_EXERCISE PROMPT:_
All the data that follows should be repeated exactly, without a single picture.

_COLLECTED MATERIAL:_
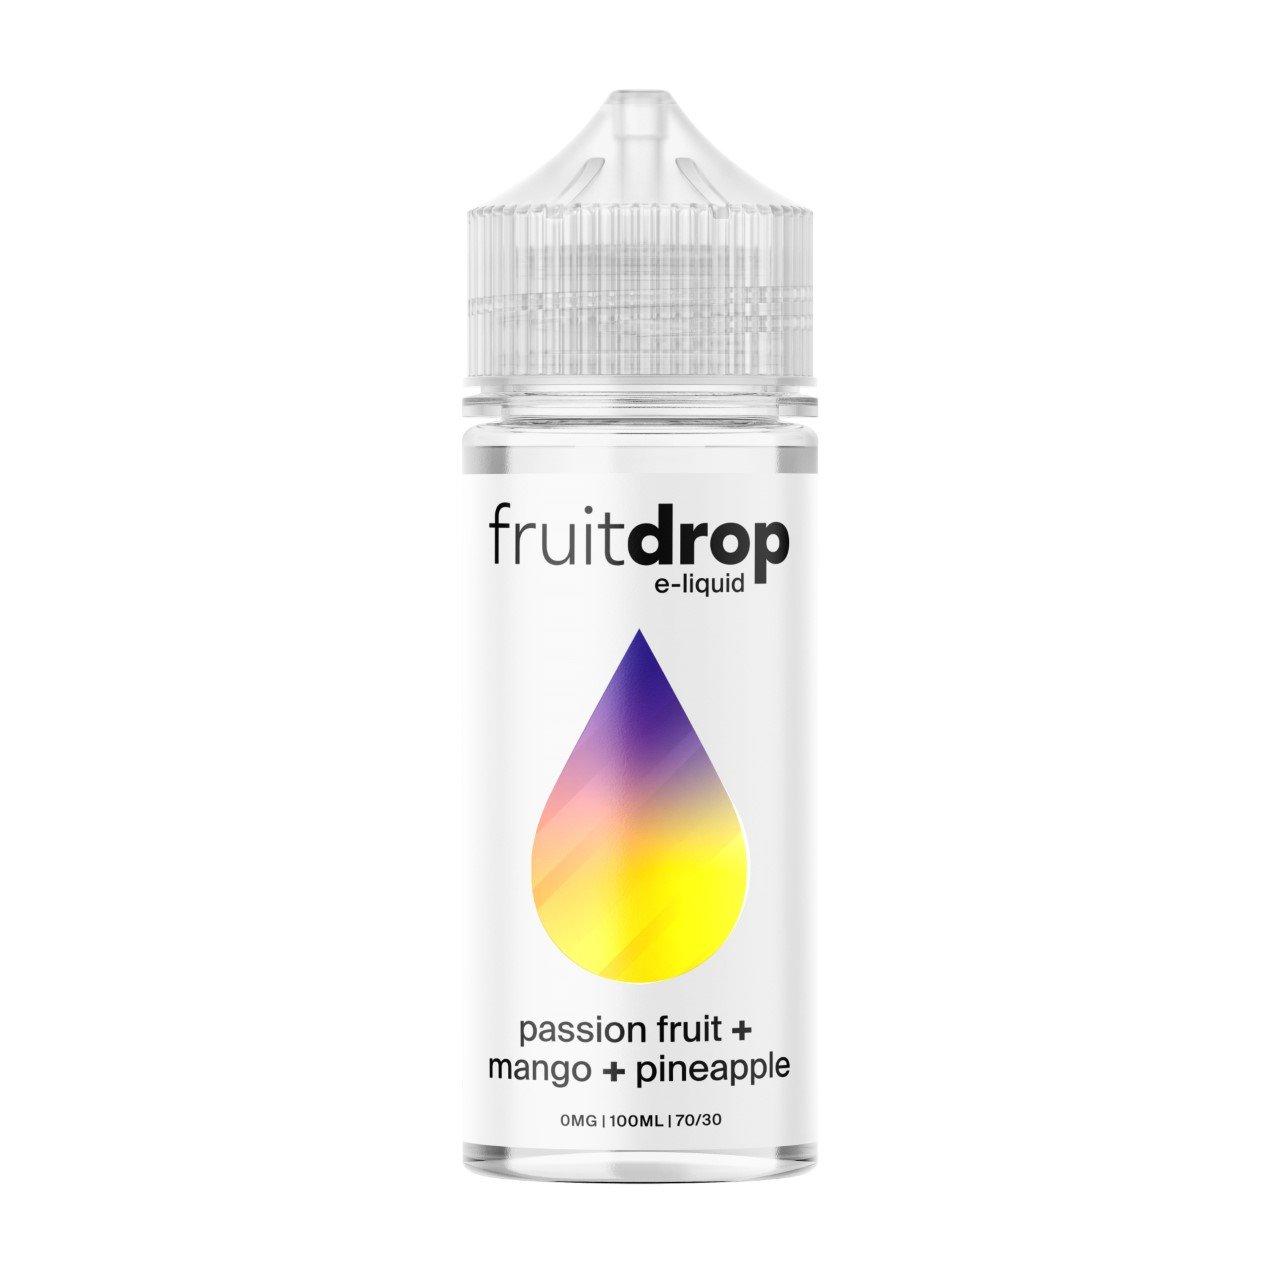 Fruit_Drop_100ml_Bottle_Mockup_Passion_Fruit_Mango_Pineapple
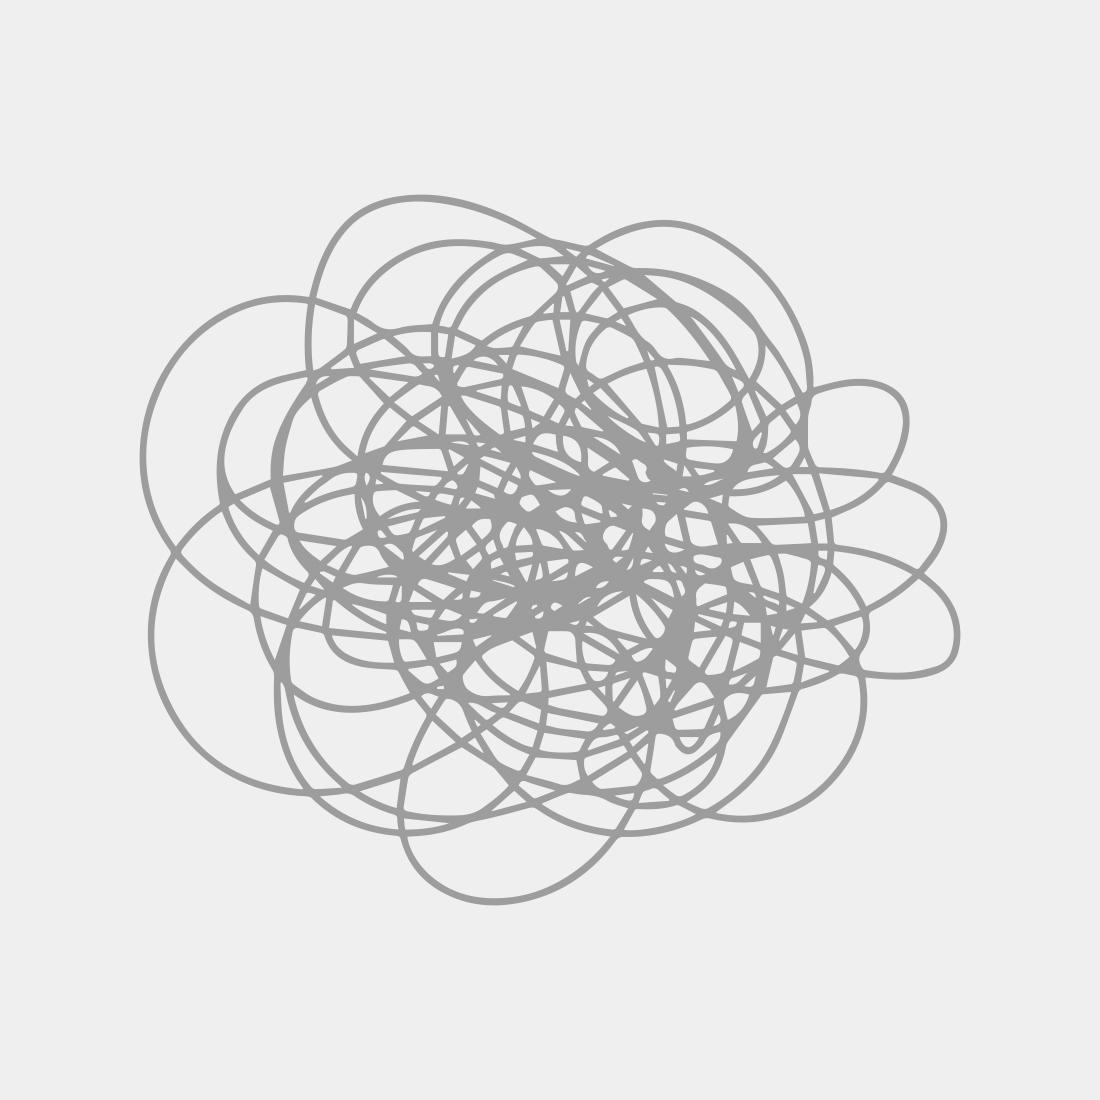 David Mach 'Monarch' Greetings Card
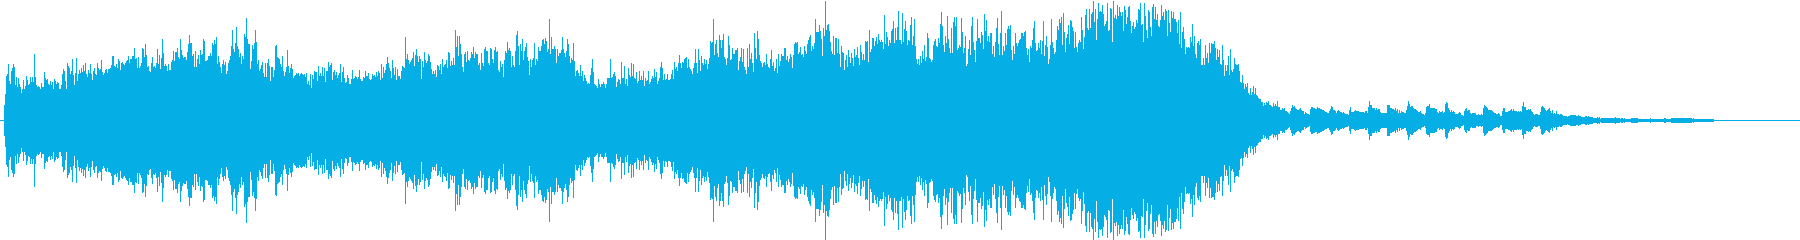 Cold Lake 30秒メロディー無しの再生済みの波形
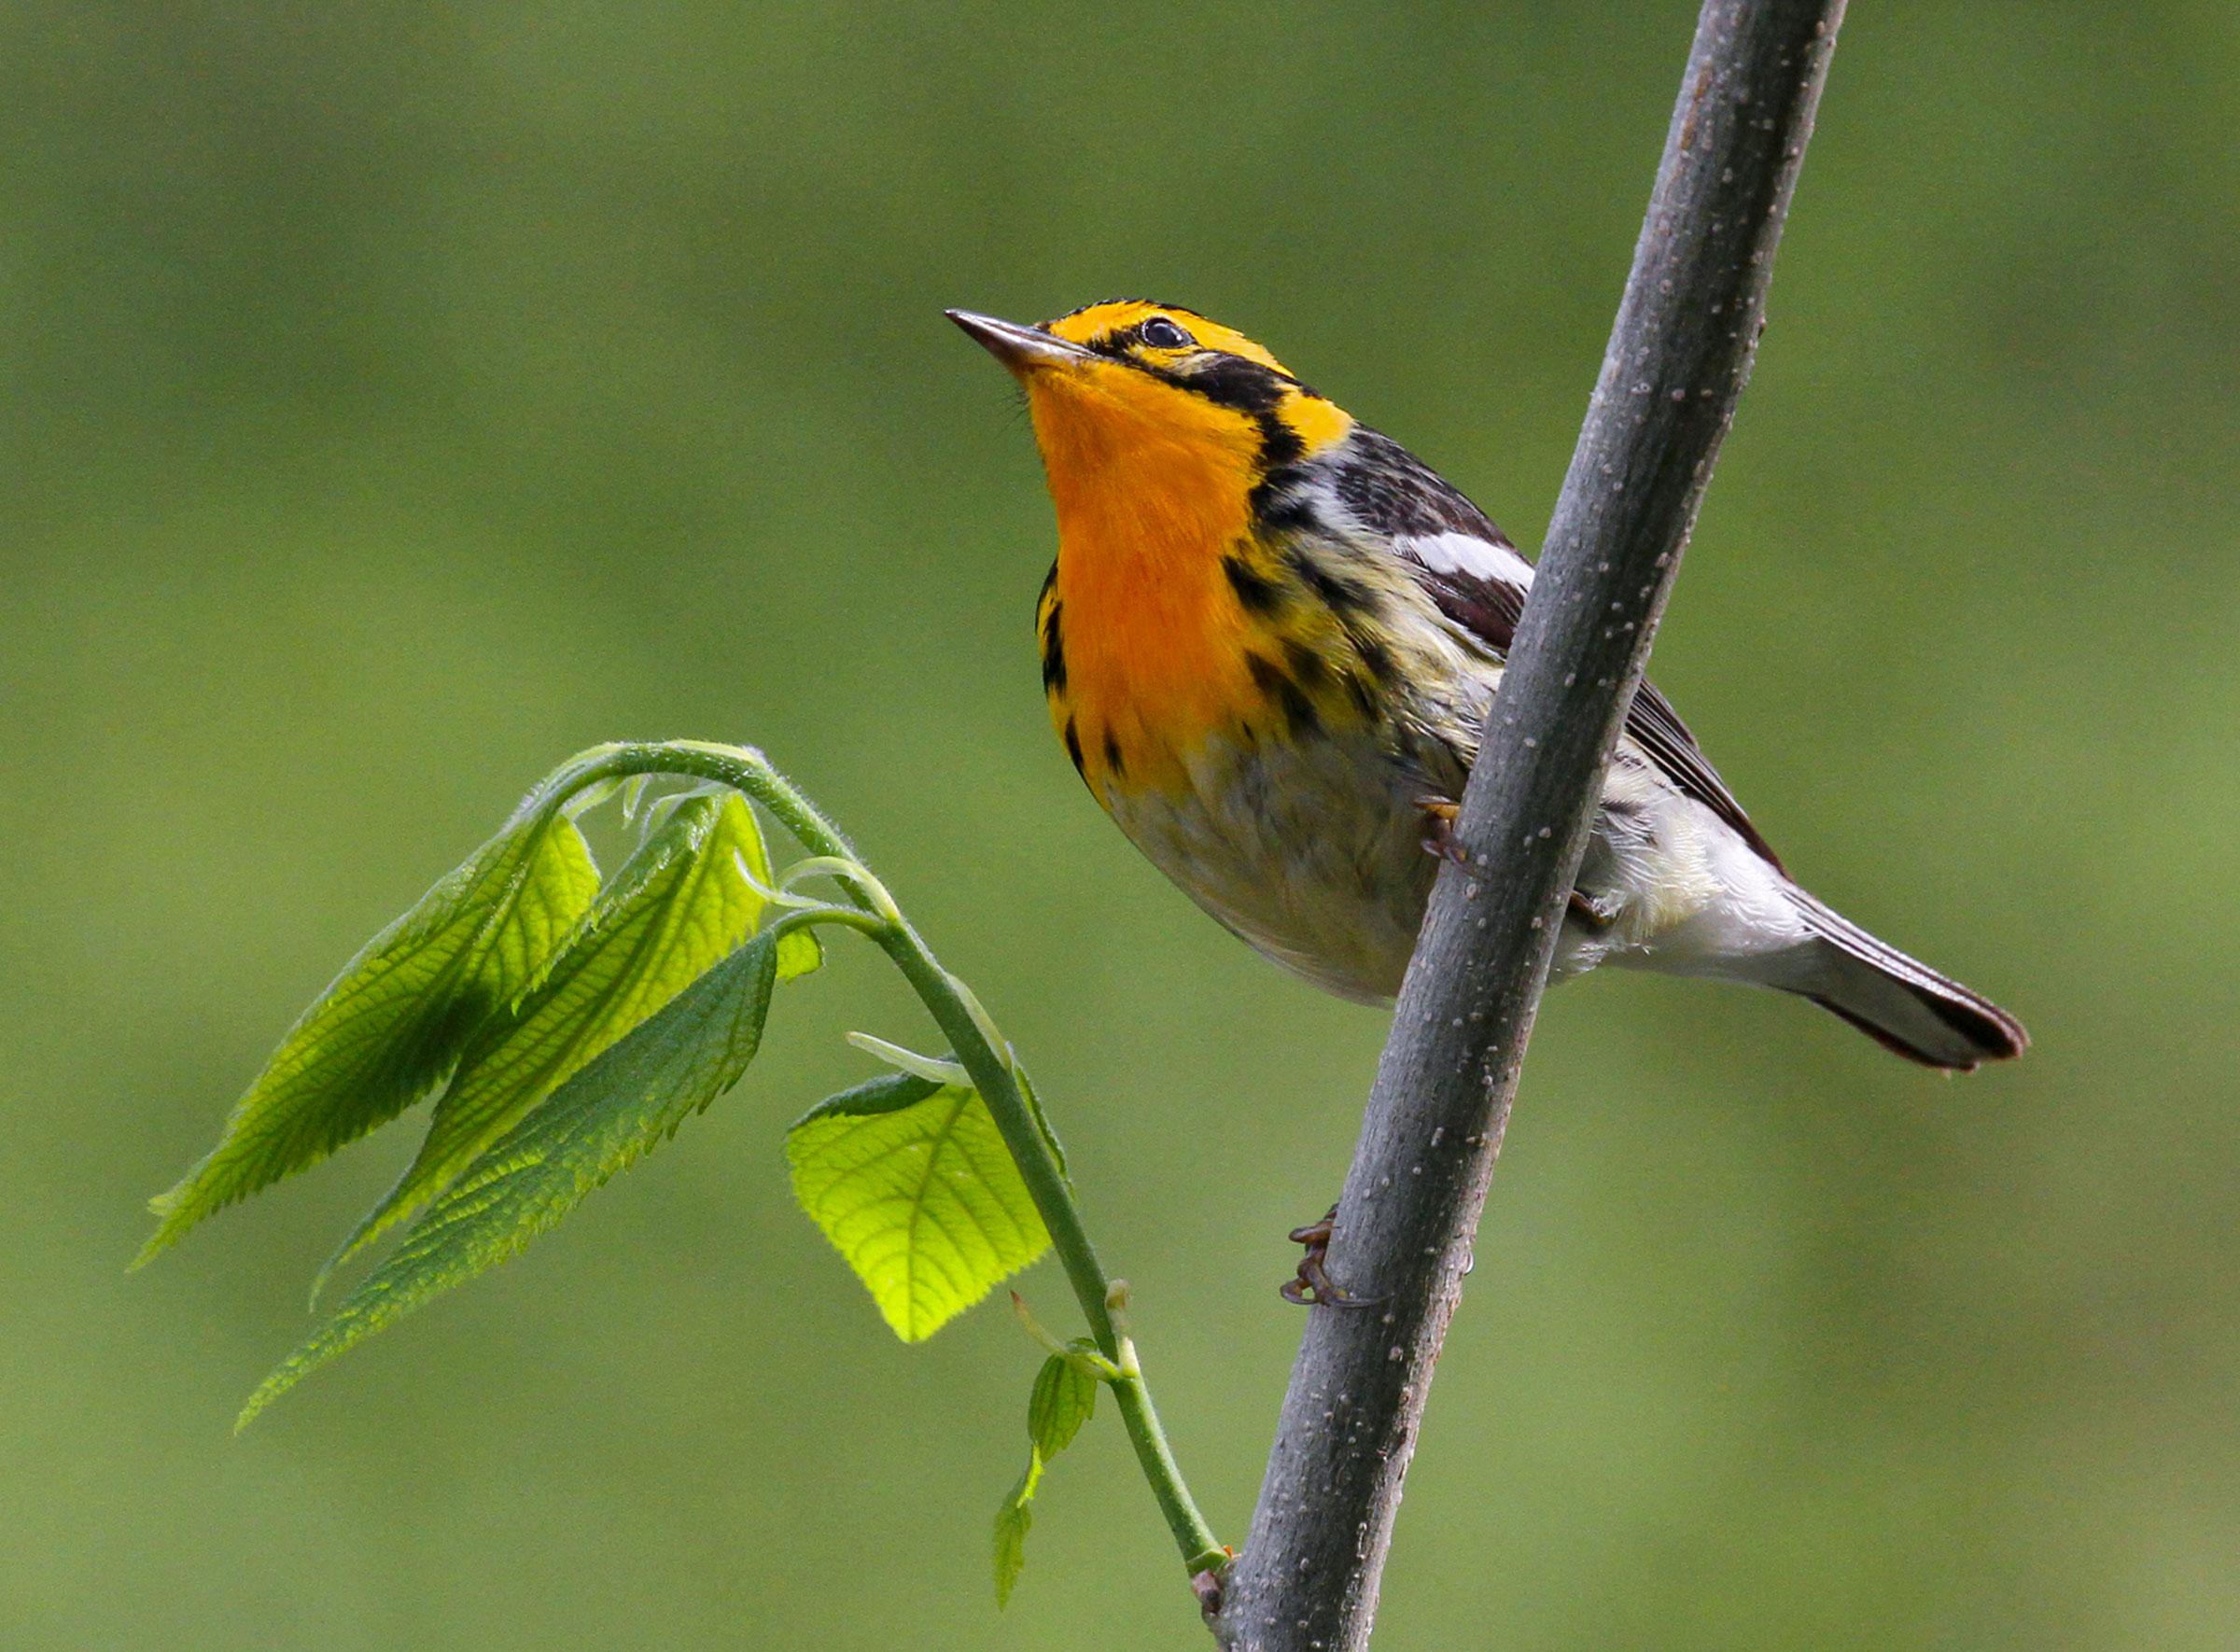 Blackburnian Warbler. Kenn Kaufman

_WRITTEN SOLUTION:_
 Fruit_Drop_100ml_Bottle_Mockup_Passion_Fruit_Mango_Pineapple
 David Mach 'Monarch' Greetings Card
 Cold Lake 30秒メロディー無しの再生済みの波形
 Blackburnian Warbler. Kenn Kaufman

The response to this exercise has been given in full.